Even companies that have joined lawsuits against the administration over the rules said they already were on track to deliver reductions in carbon emissions on a scale that the Clean Power Plan envisions. For American Electric Power, an electricity provider and one of the country’s top coal users, the court case “doesn’t change our focus on the diversification of our generation fleet,” said spokeswoman Melissa McHenry. Those diversification plans include more natural gas and renewables, she said.

Administration officials on Thursday delivered an impassioned defense of the controversial regulations while also attempting to reassure other governments that U.S. promises to reduce greenhouse-gas emissions would be honored. Environmental Protection Agency Administrator Gina McCarthy declared in a speech that “nothing has changed” in the overall commitment to cut U.S. carbon emissions by up to 28 percent in the next 15 years, compared with 2012 levels.

“Am I disappointed in the court’s decision? My answer is ‘absolutely, yes,’ ” McCarthy told a gathering of state environmental regulators. “Does it stop or slow this country’s transition to a low-carbon future? Absolutely not.”

She described clean-energy tax credits approved by Congress last year as a kind of guarantor of continued progress on climate change.
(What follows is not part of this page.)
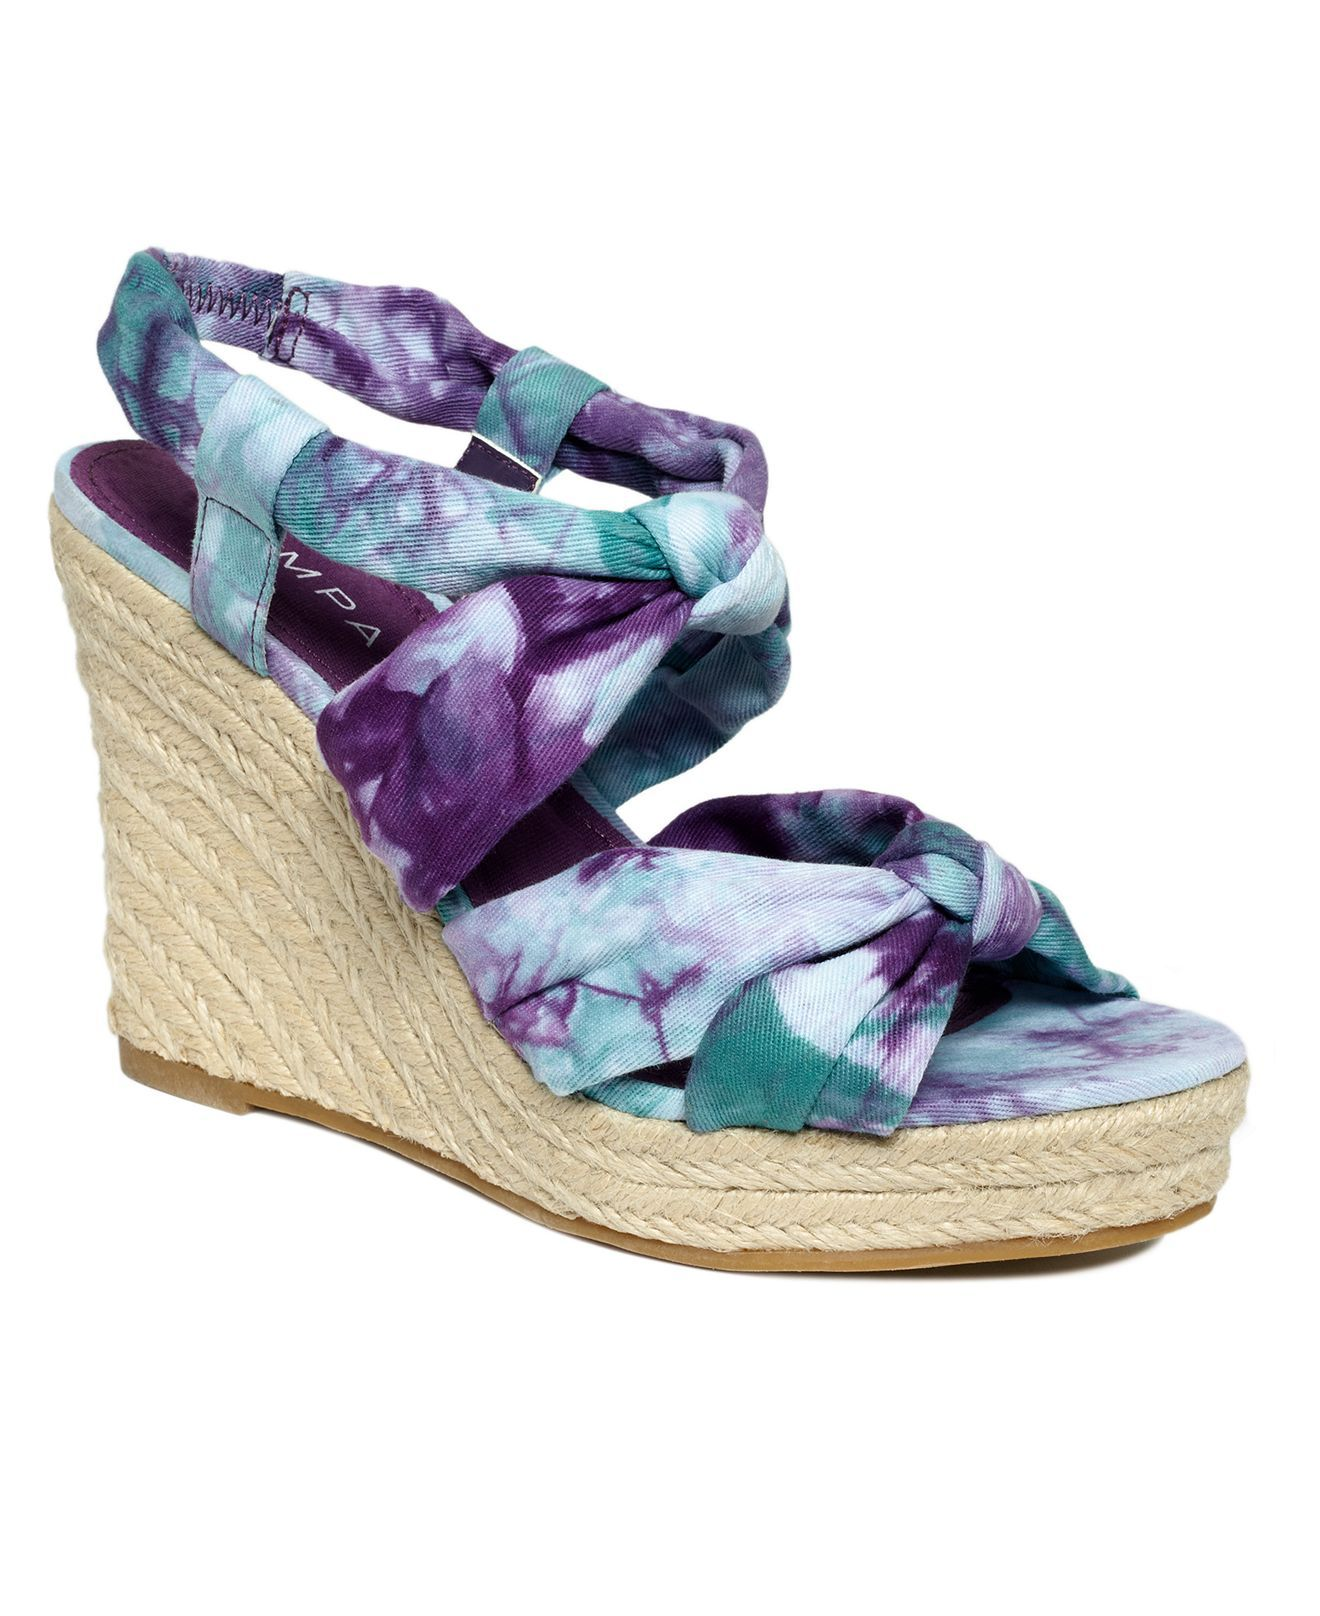 Tie Dye Wedges Wedge Wedding Shoes Wedge Sandals Wedges

Recent decisions by Wall Street banks to invest billions of dollars in clean-energy projects were driven by market forces, not regulations, she said.

“The CPP is underpinning a transition that is already happening and will continue to happen,” McCarthy said.
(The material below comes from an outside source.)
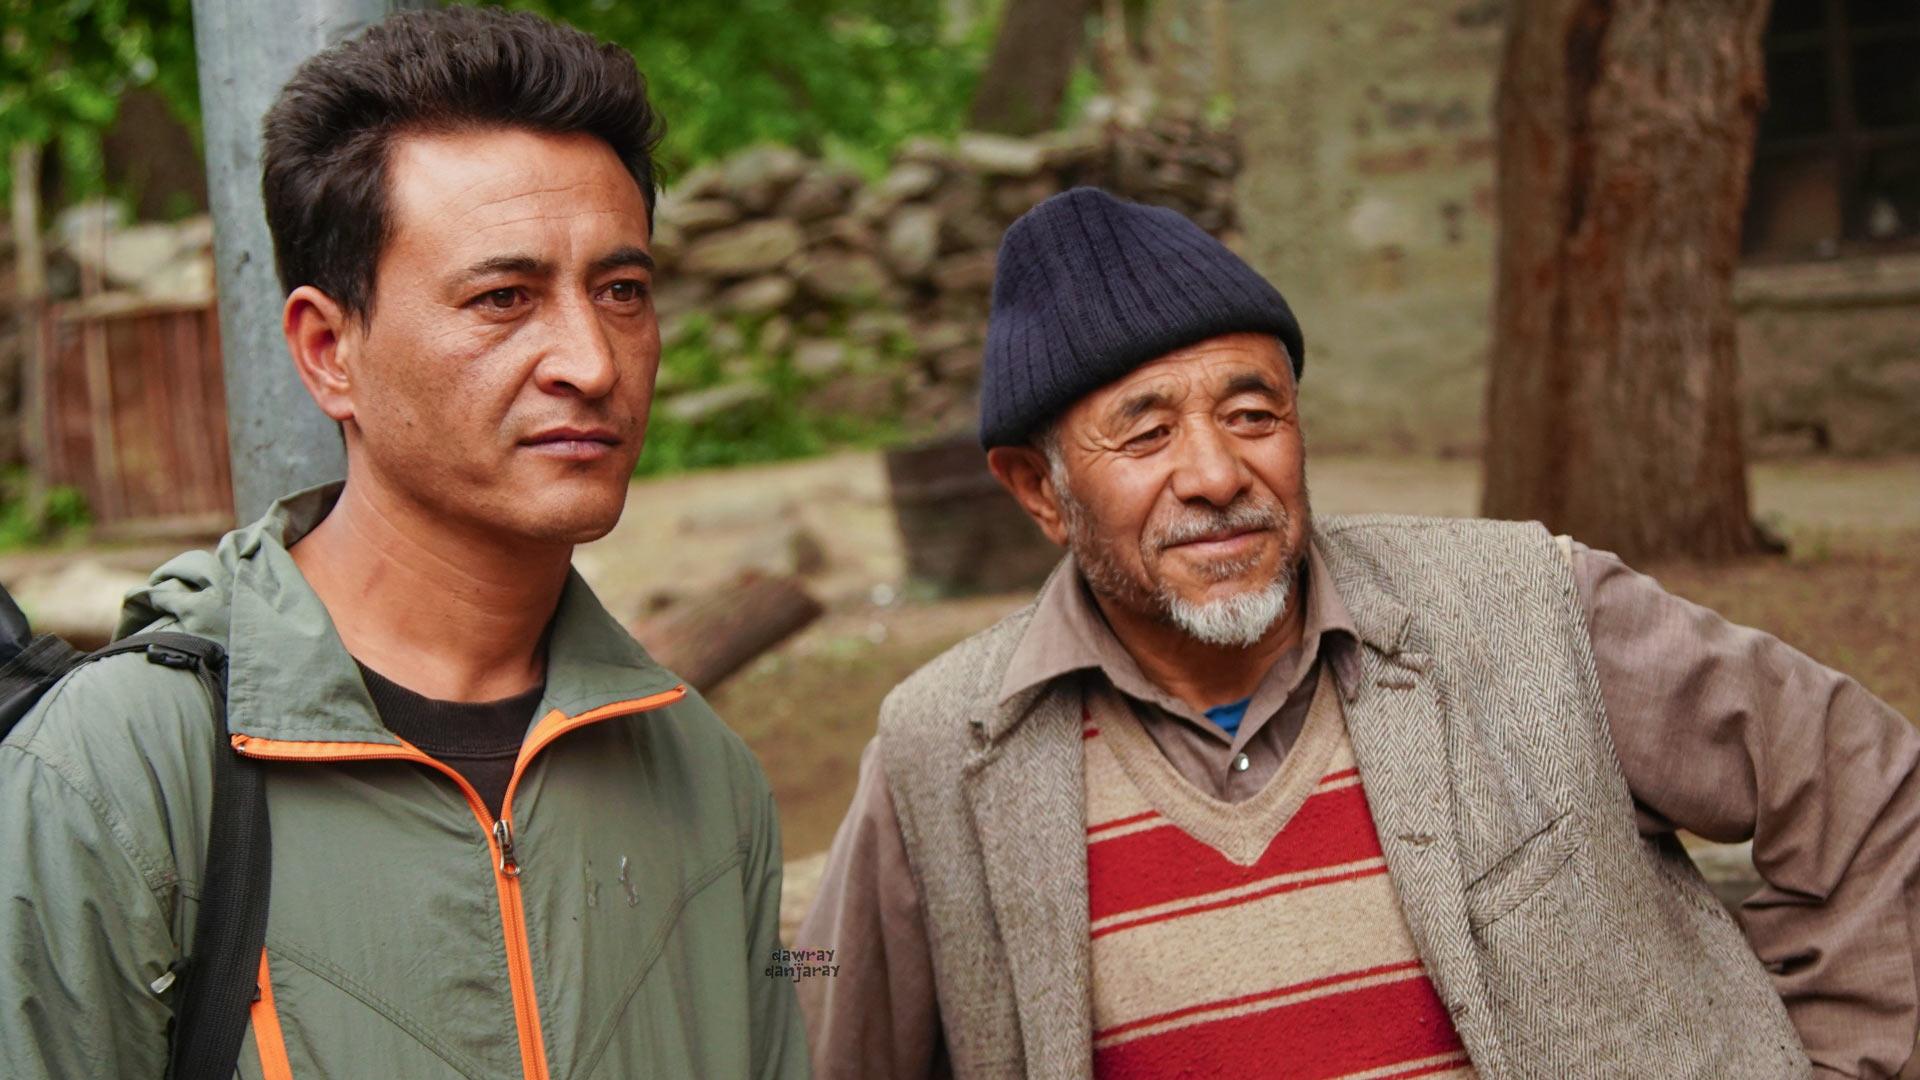 People of Turtuk

McCarthy and other administration officials dismissed speculation that the court’s ruling would undermine the inter­national climate agreement reached two months ago in Paris, where more than 190 countries signed an accord to scale back emissions from fossil-fuel burning.
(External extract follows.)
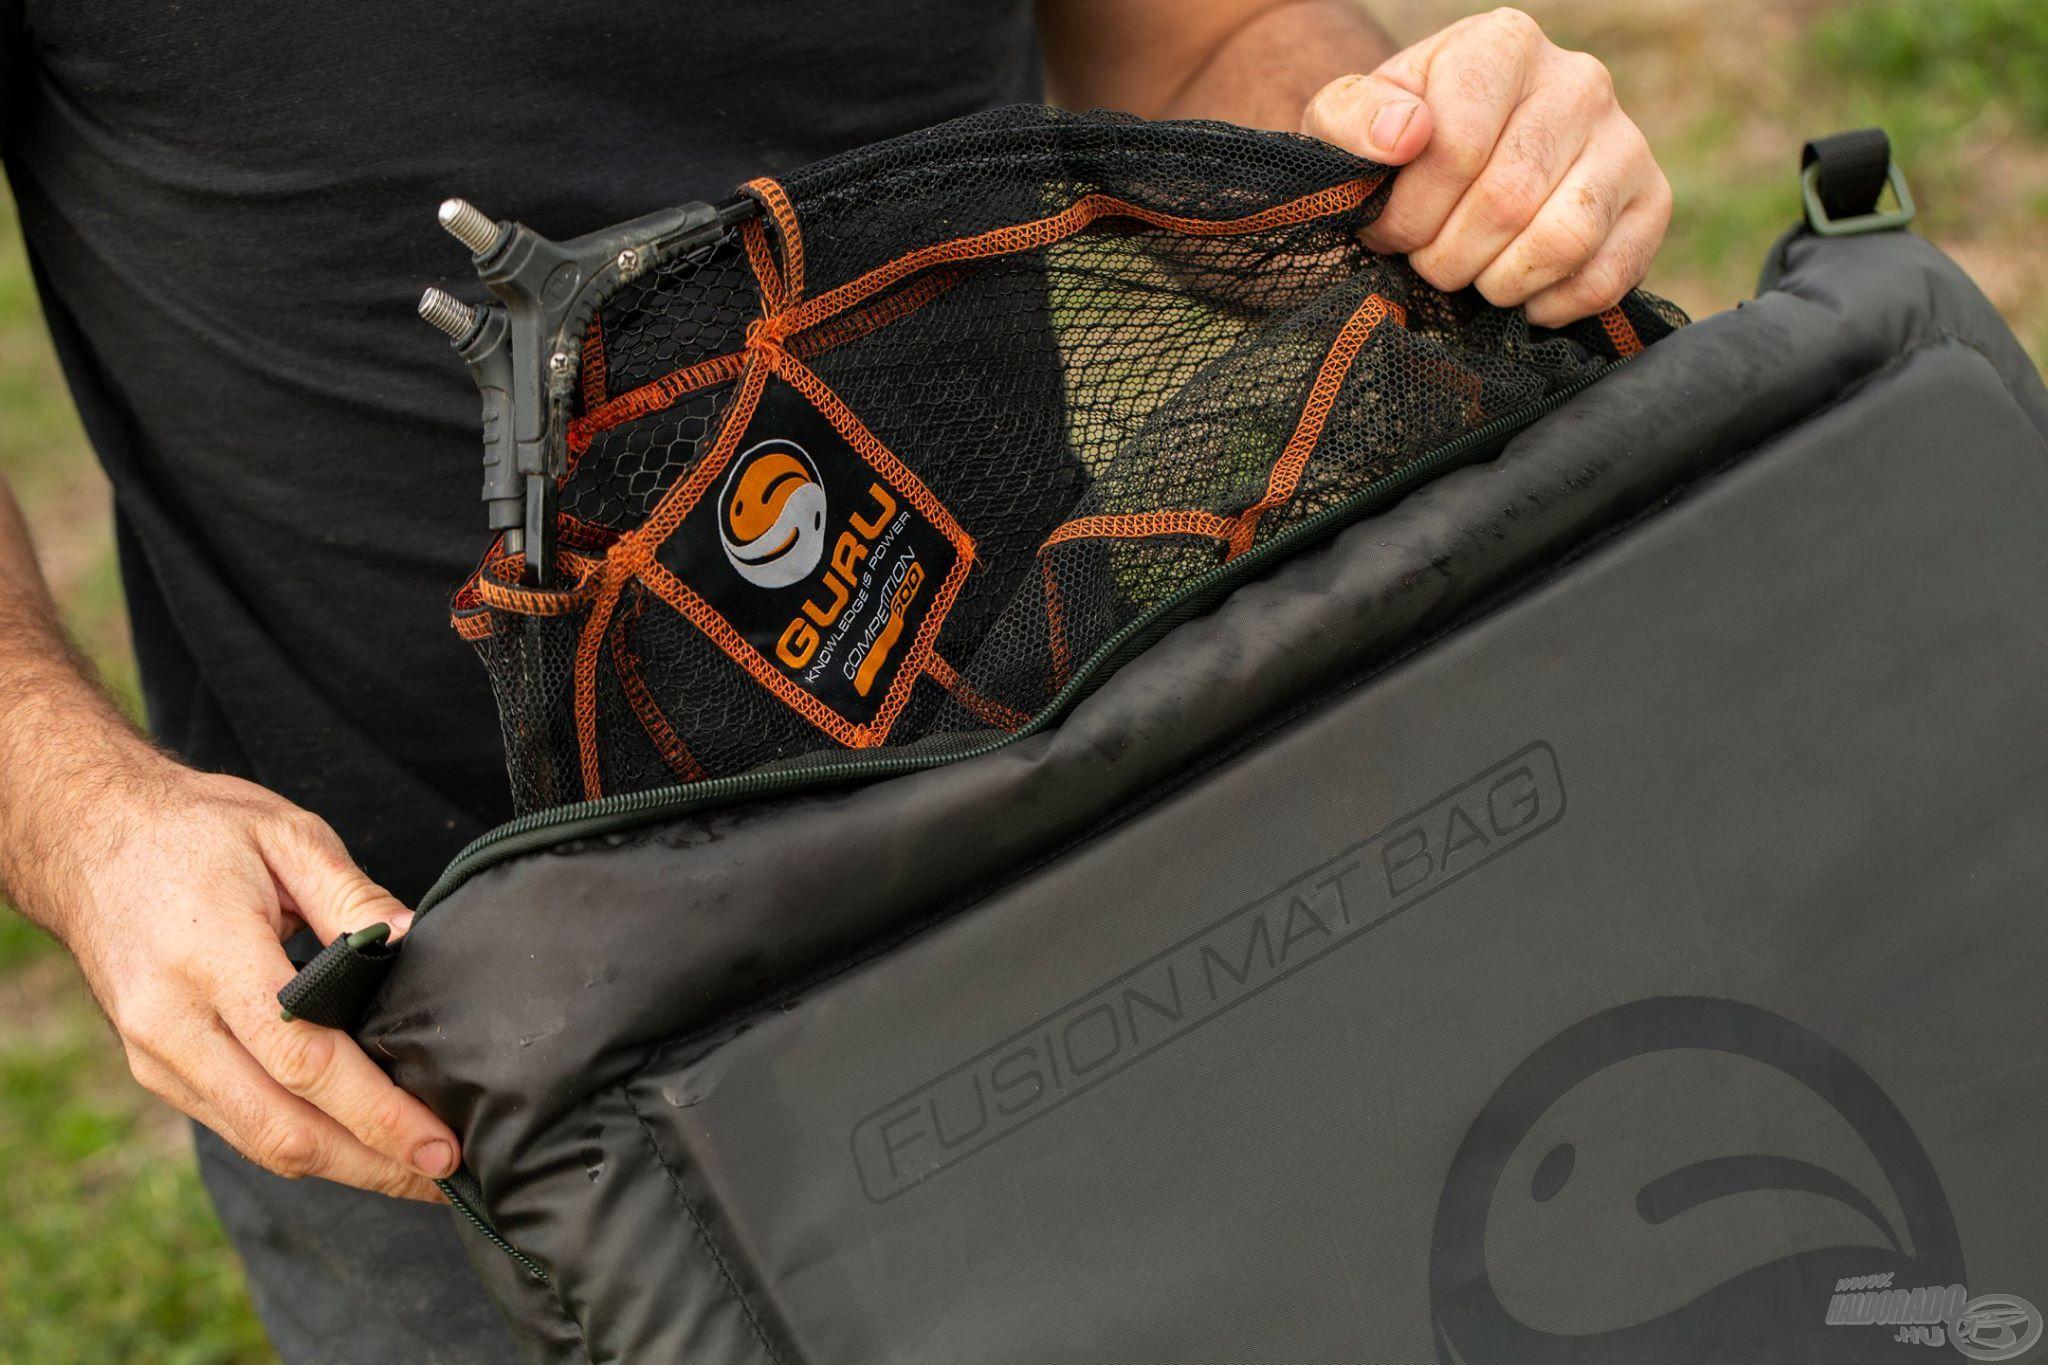 Összecsukva száktartó táskaként is funkcionál

Todd Stern, the State Department official who led the U.S. negotiating team in Paris, said a number of foreign diplomats had contacted him because they “essentially wanted to understand what the order meant.”

“I gave them the facts: that this is a procedural action,” Stern said, “and that we remain confident that the Clean Power Plan will be upheld when reviewed on the merits, and that we will keep faith with our emissions-reduction targets.”

The Supreme Court’s decision granted a stay request from a coalition of more than two dozen states who argue that the EPA overstepped its authority with regulations requiring them to reduce carbon emissions from coal-fired power plants. Before the stay was granted, states were obliged to develop plans by September of this year, spelling out how they intended to cut pollution from the electric utility sector beginning in the year 2022.

Coal-burning power plants are the biggest single source of greenhouse-gas emissions in the United States.

Although the Supreme Court’s ruling does not address the merits of lawsuits opposing the Clean Power Plan, the decision suggests that a majority of the justices think the objections raised by opponents are serious.

The stay means that questions about the legality of the program will remain after Obama leaves office. An appeals court is not scheduled to hear the case until June, and the Supreme Court’s order said the stay would remain in effect while the losing side petitions the Supreme Court. If the court were to accept the case, that would mean an ultimate decision in 2017, when a new president will be in office.

While administration officials and environmental groups express confidence that the regulation ultimately will be upheld by the courts, they argue that the climate fight will be won even if it fails.

“There’s no question that the Clean Power Plan will accelerate our country’s transition from coal to clean energy,” said Michael Brune, executive director of the Sierra Club. “It’s also true the trend across the country away from coal, with low-cost renewables such as wind and solar and new rules to protect public health and limit mercury, soot, smog and sulfur dioxide, show that coal is not faring well in a competitive market.”

Juliet Eilperin contributed to this report.